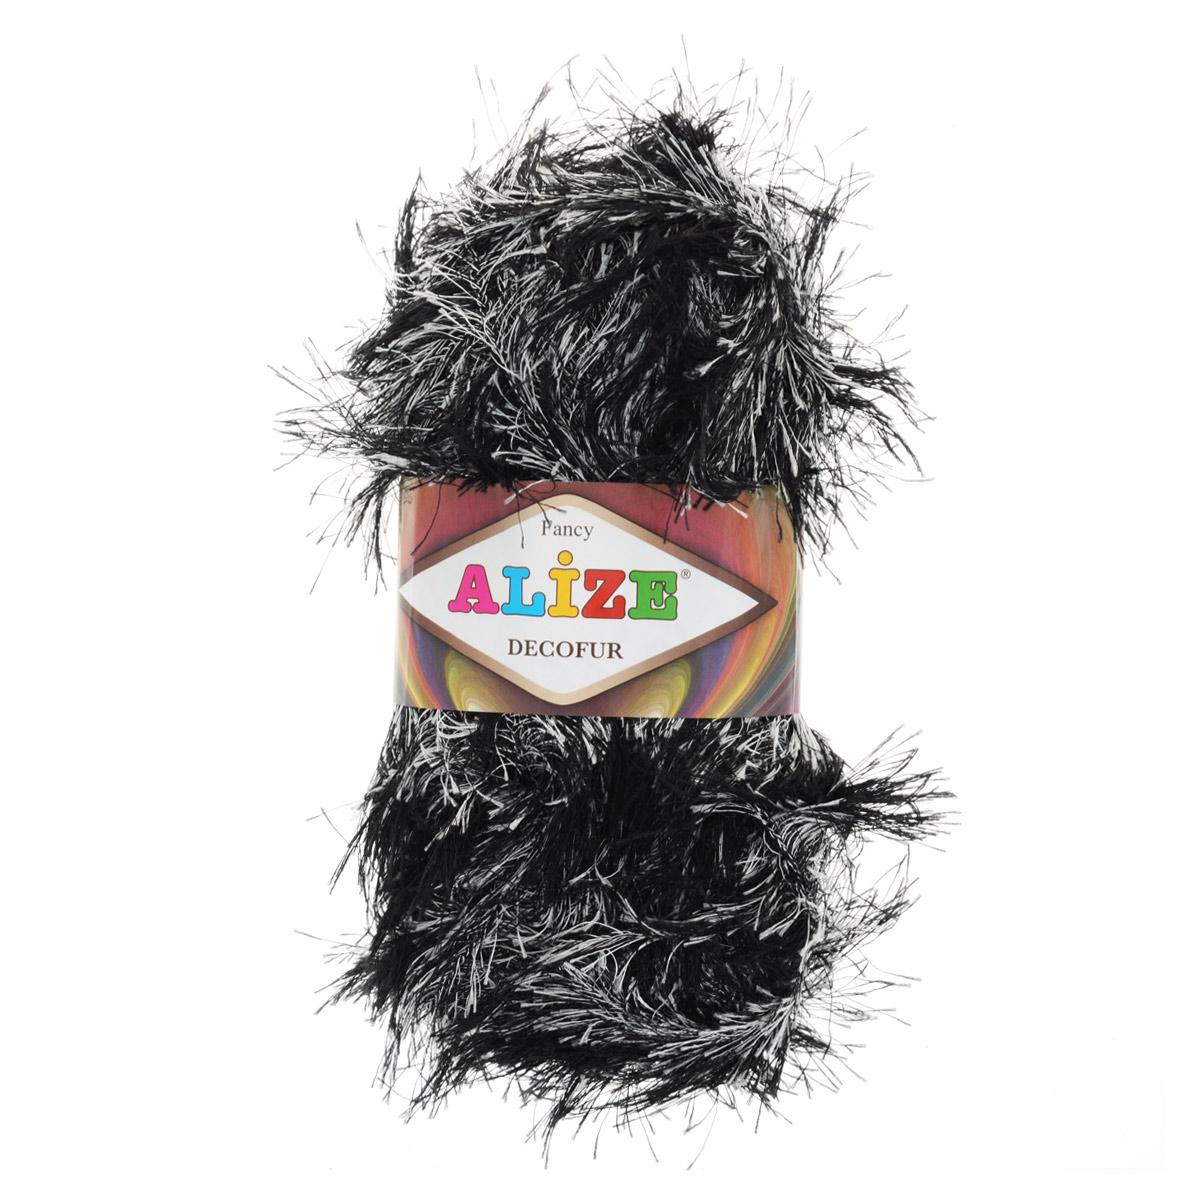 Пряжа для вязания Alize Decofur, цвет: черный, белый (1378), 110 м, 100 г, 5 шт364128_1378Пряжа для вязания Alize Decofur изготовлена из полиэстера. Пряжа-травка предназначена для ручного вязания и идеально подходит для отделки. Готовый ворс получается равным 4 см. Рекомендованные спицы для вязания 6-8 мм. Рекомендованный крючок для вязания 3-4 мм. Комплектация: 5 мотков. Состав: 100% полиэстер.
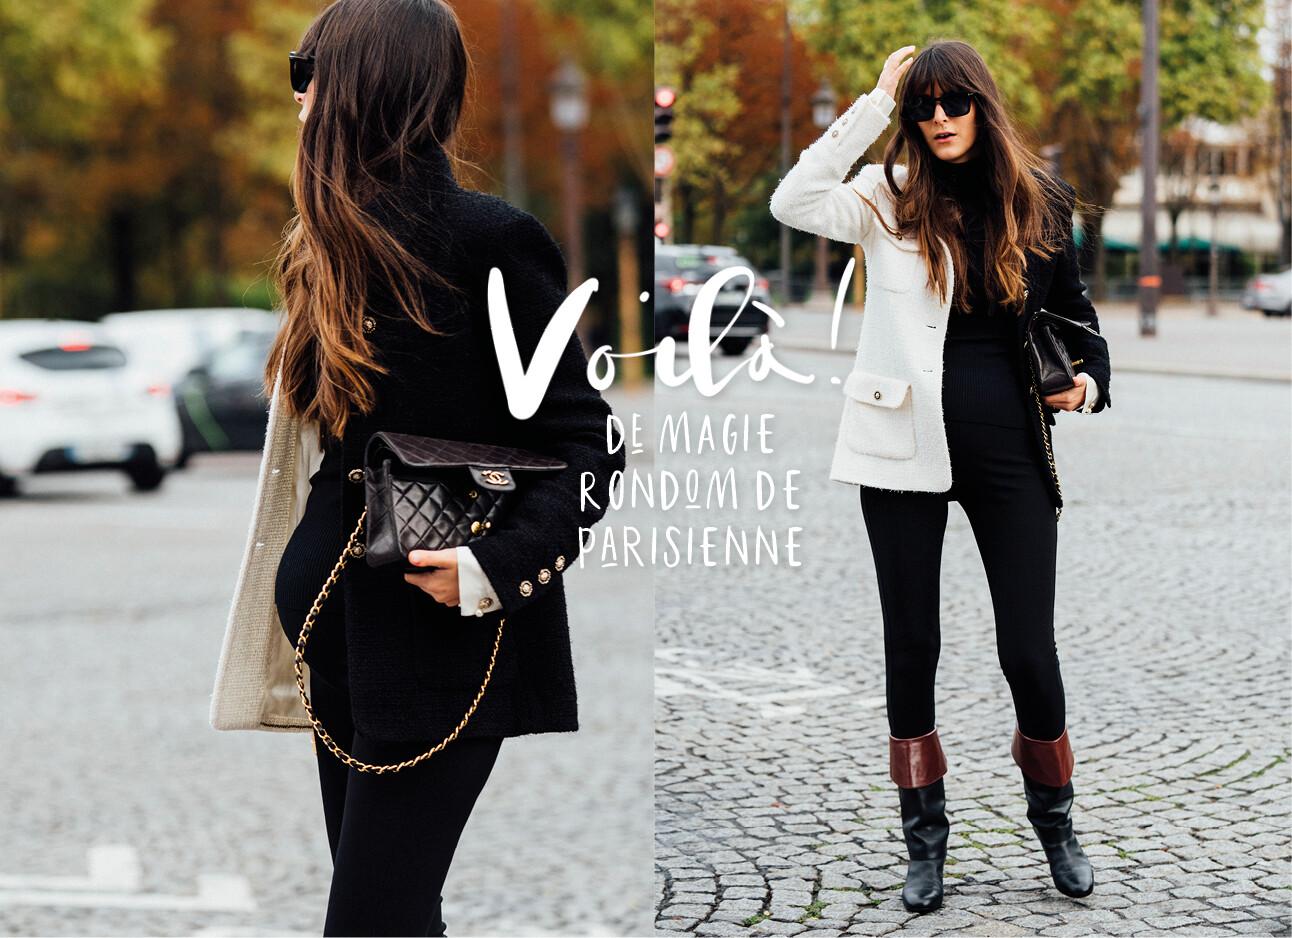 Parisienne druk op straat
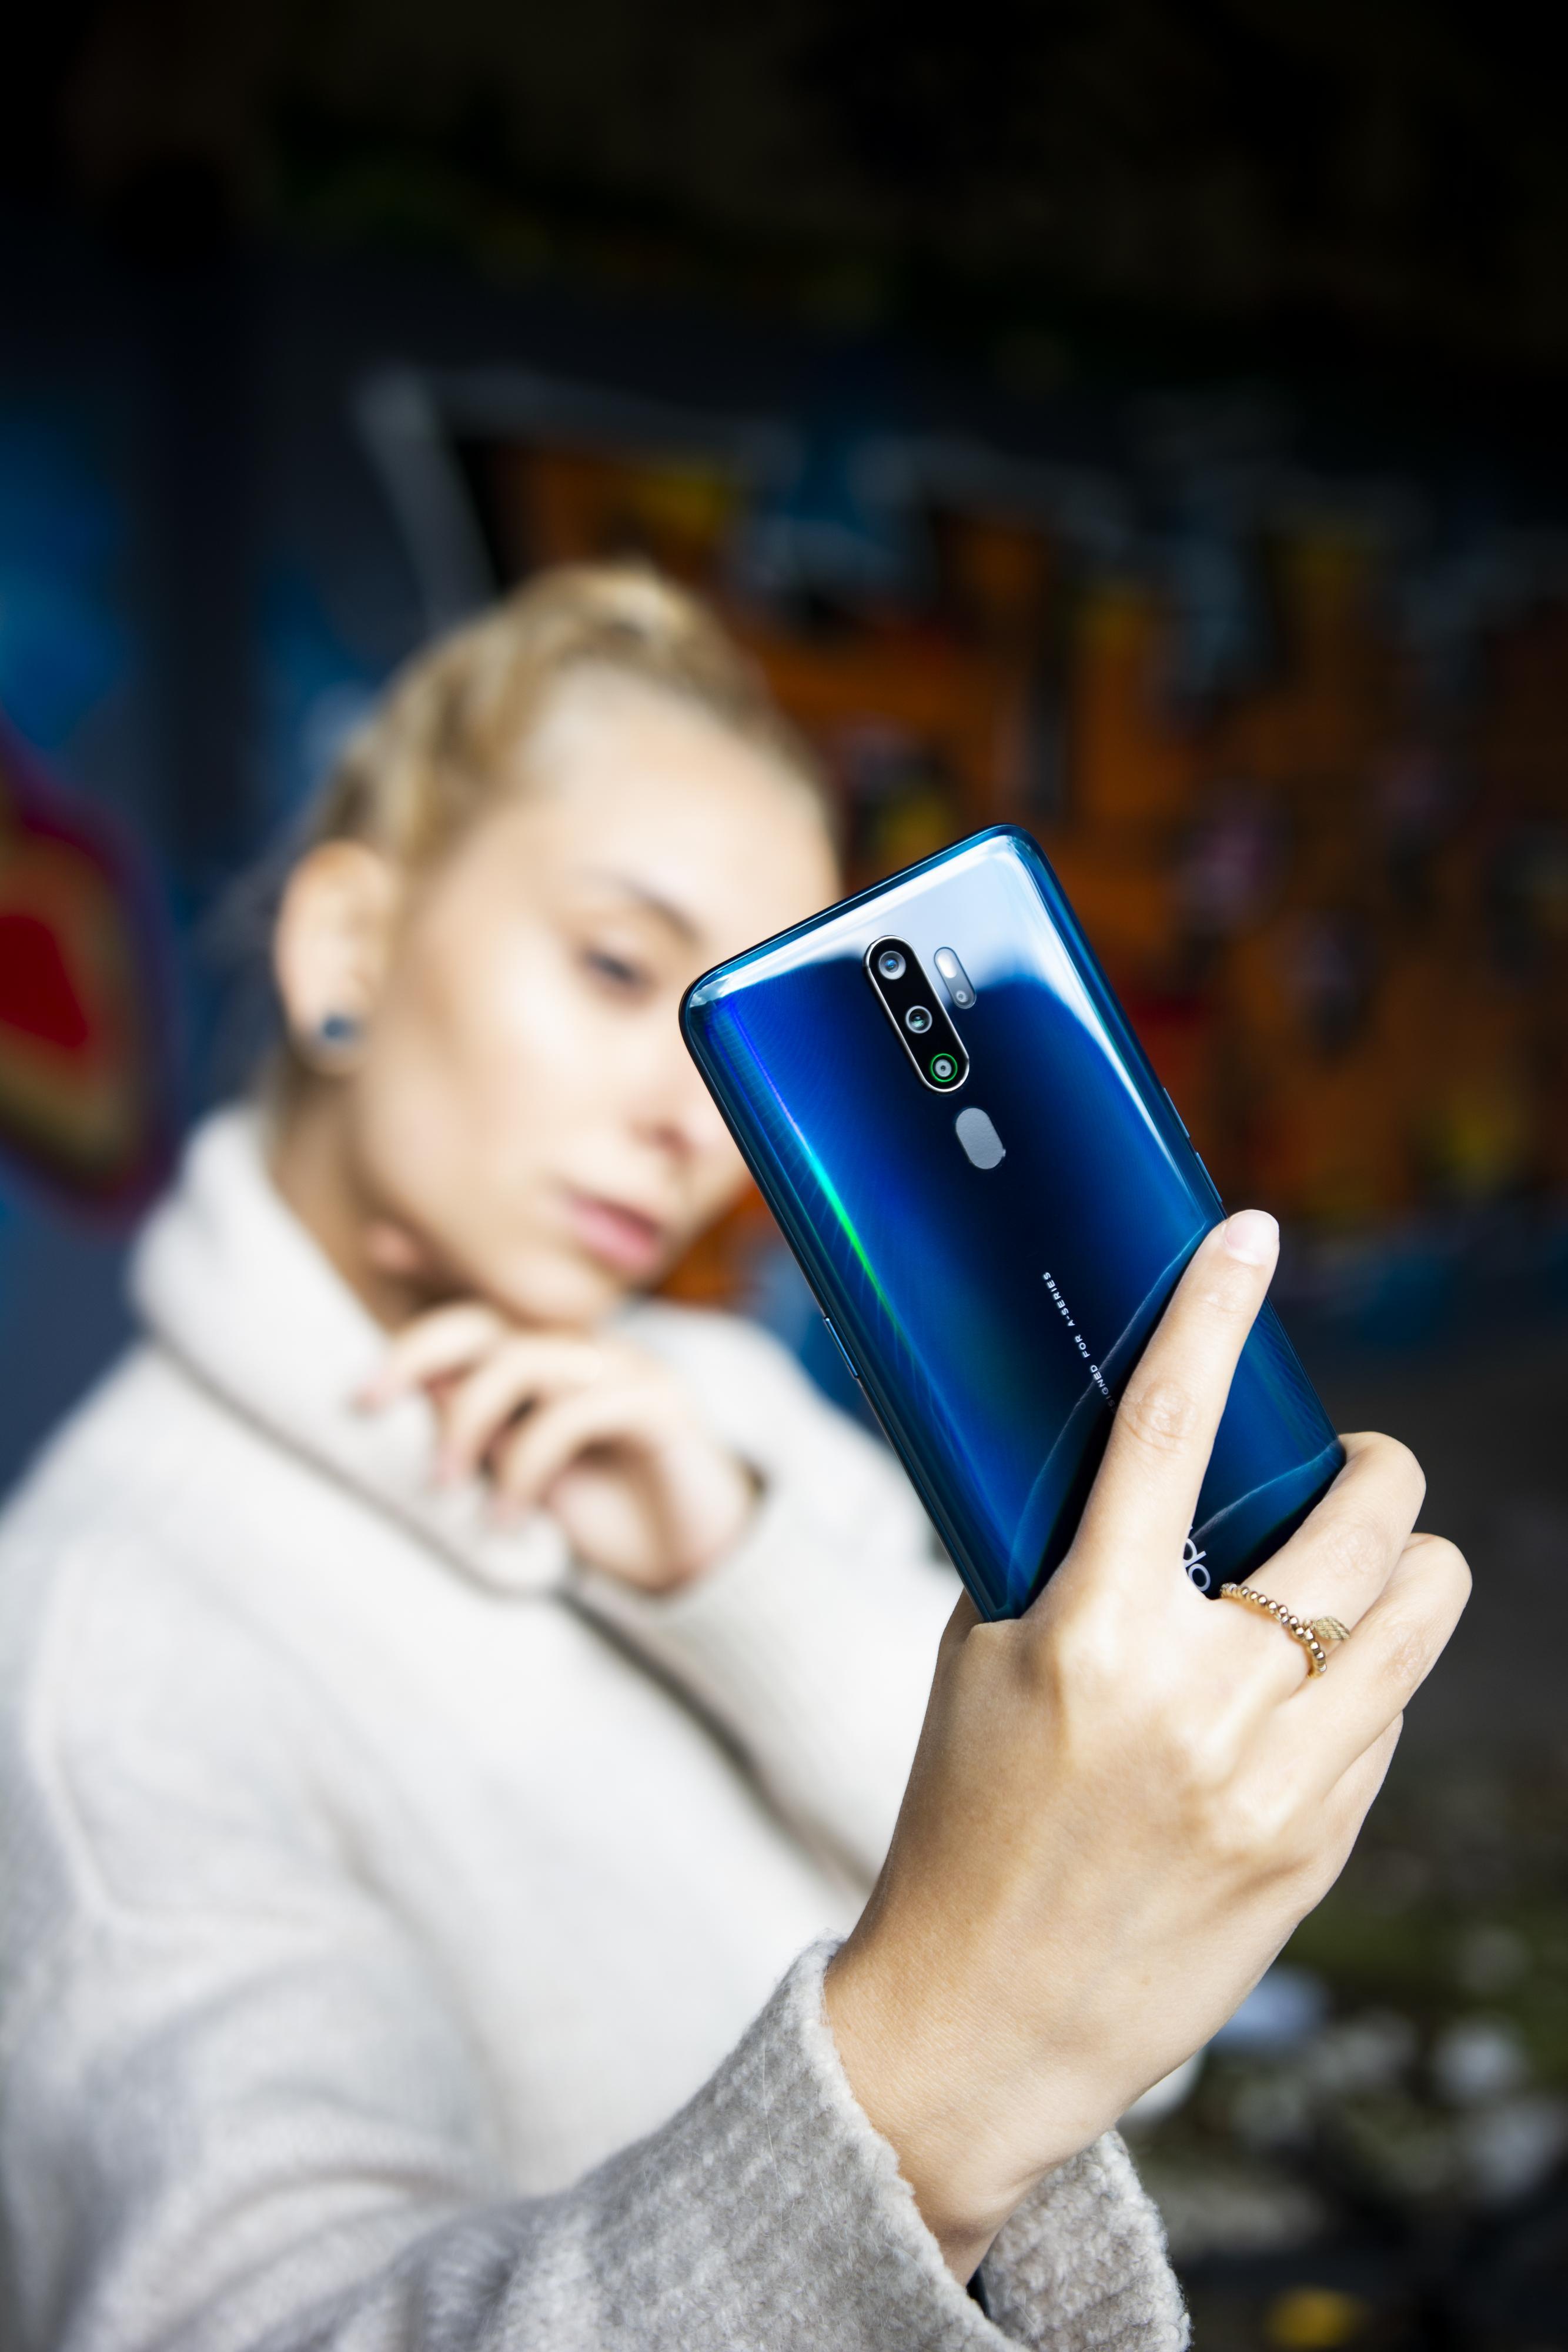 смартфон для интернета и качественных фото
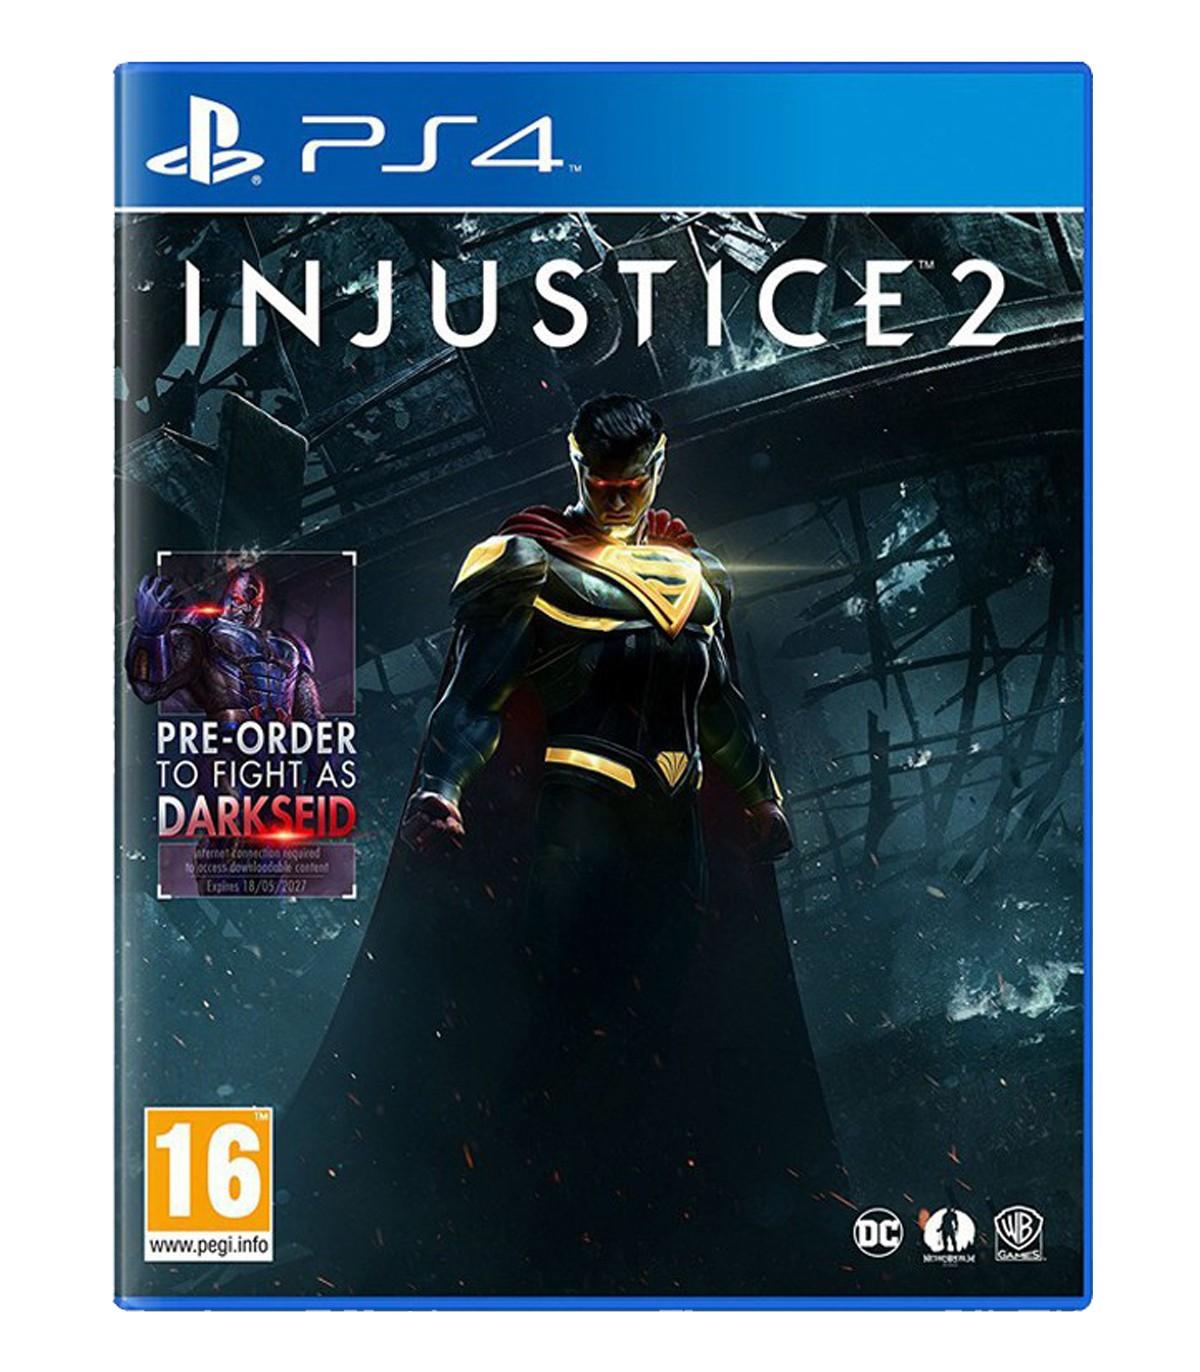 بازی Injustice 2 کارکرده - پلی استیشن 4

## What you will do
Output the data exactly as it is, with the pictures dropped.

## Exercise output
 Пряжа для вязания Alize Decofur, цвет: черный, белый (1378), 110 м, 100 г, 5 шт364128_1378Пряжа для вязания Alize Decofur изготовлена из полиэстера. Пряжа-травка предназначена для ручного вязания и идеально подходит для отделки. Готовый ворс получается равным 4 см. Рекомендованные спицы для вязания 6-8 мм. Рекомендованный крючок для вязания 3-4 мм. Комплектация: 5 мотков. Состав: 100% полиэстер.
 Parisienne druk op straat
 смартфон для интернета и качественных фото
 بازی Injustice 2 کارکرده - پلی استیشن 4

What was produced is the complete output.